TASK GOAL
Drop the pictures and restate the rest of the listing word for word.

DATASET SECTION
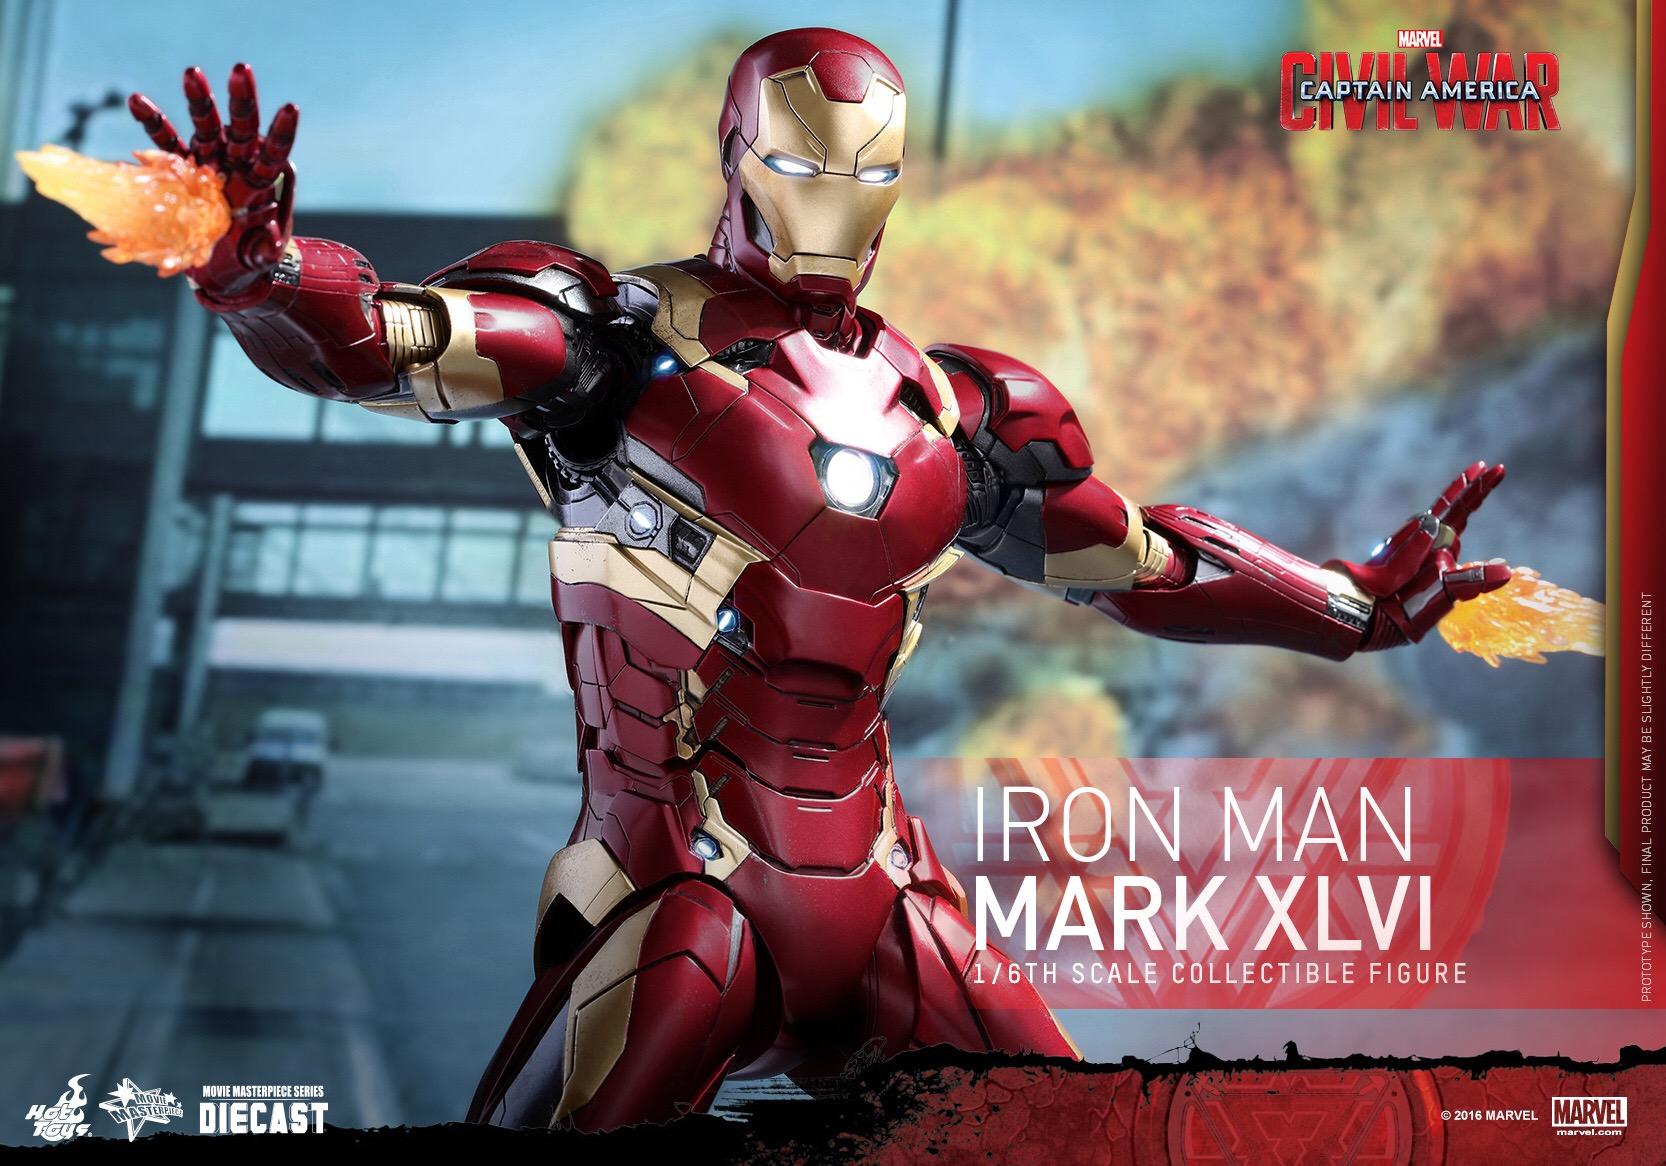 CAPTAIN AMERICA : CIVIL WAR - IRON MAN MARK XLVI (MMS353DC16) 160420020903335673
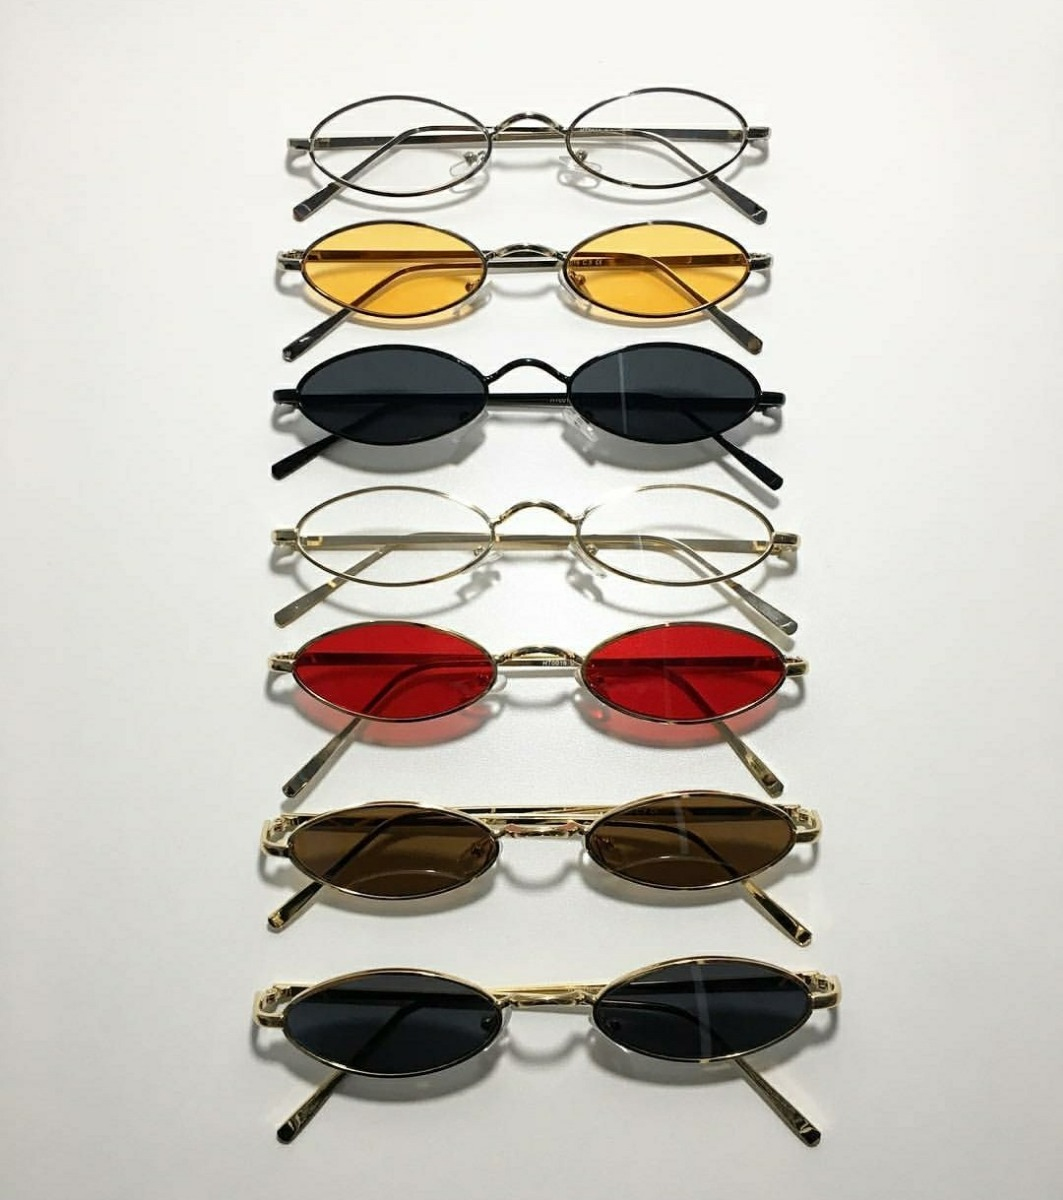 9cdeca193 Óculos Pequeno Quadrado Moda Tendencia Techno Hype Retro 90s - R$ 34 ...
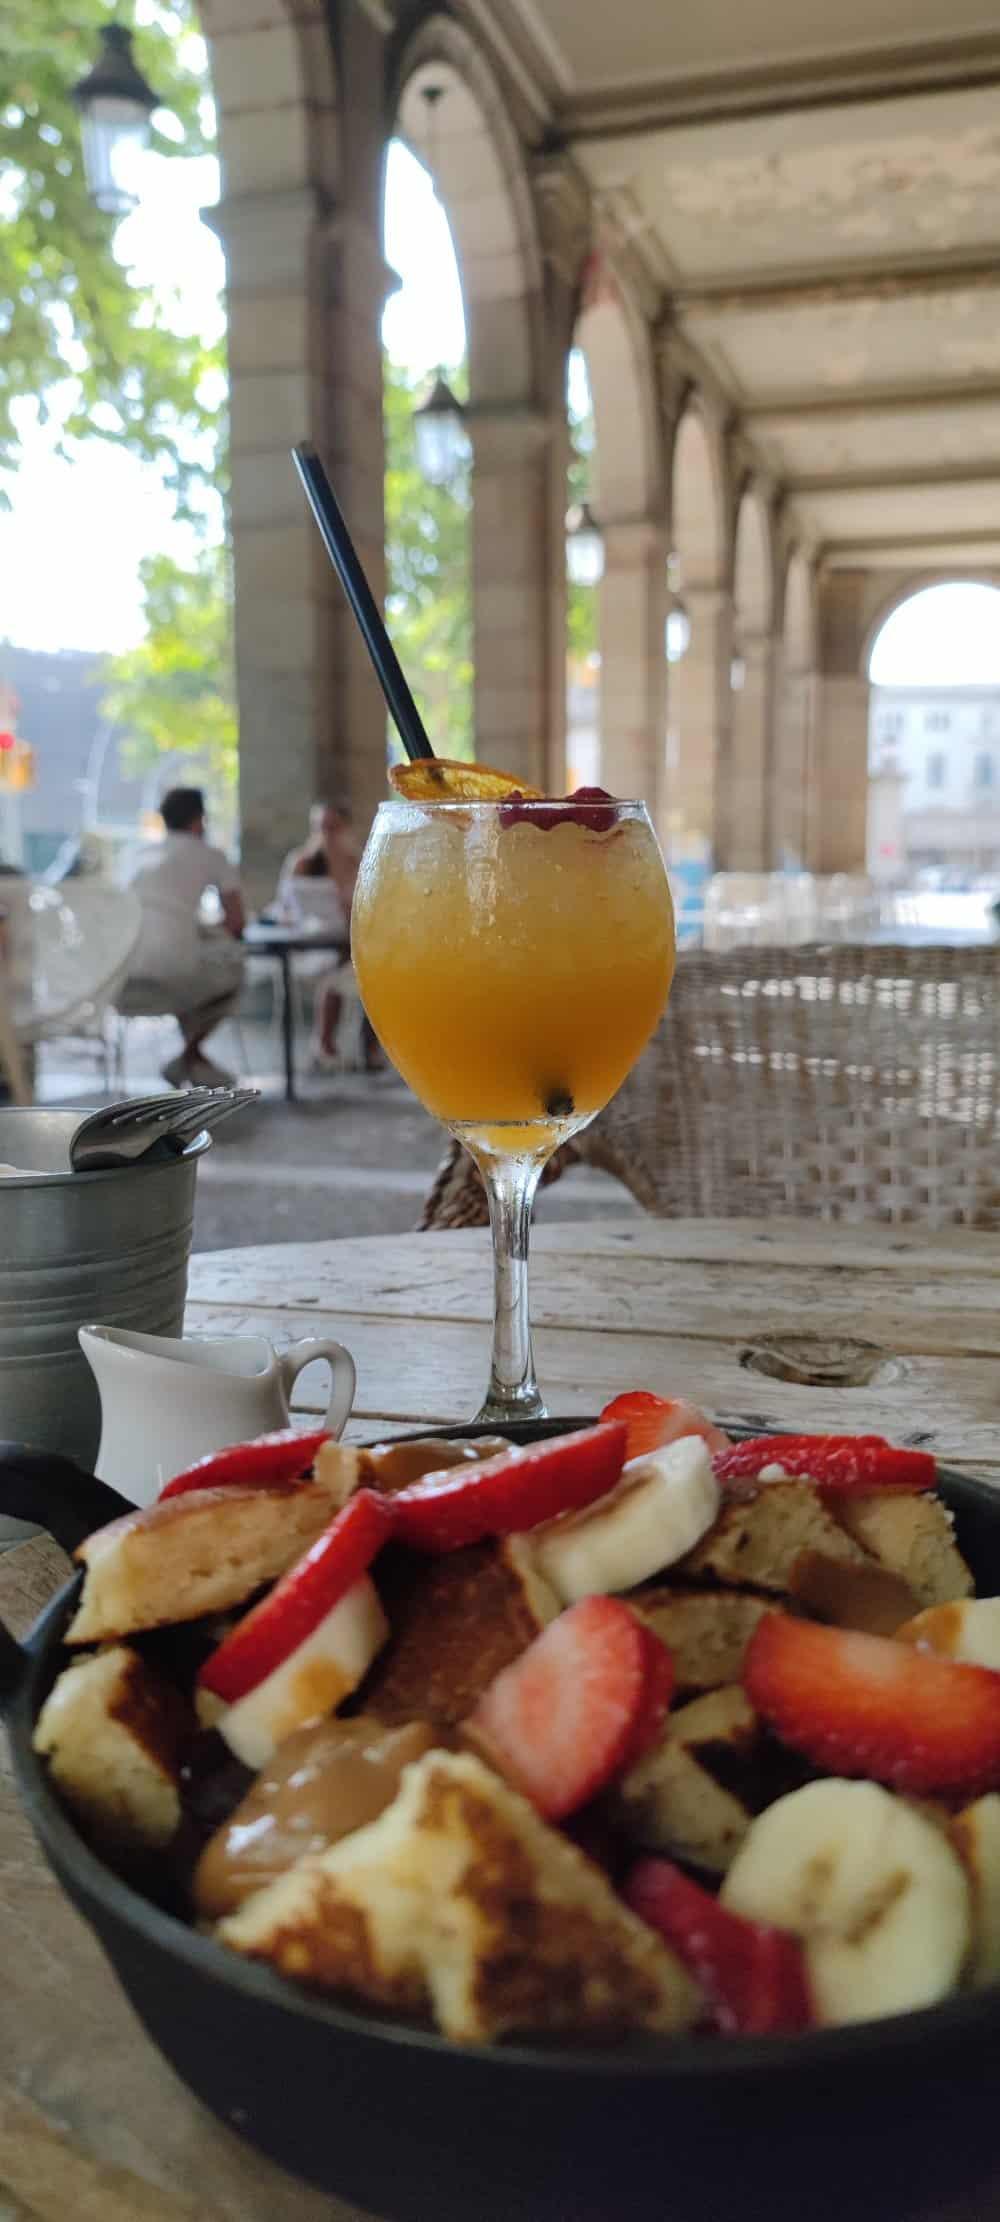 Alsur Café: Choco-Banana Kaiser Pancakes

TASK RESULT
 CAPTAIN AMERICA : CIVIL WAR - IRON MAN MARK XLVI (MMS353DC16) 160420020903335673
 9cdeca193 Óculos Pequeno Quadrado Moda Tendencia Techno Hype Retro 90s - R$ 34 ...
 Alsur Café: Choco-Banana Kaiser Pancakes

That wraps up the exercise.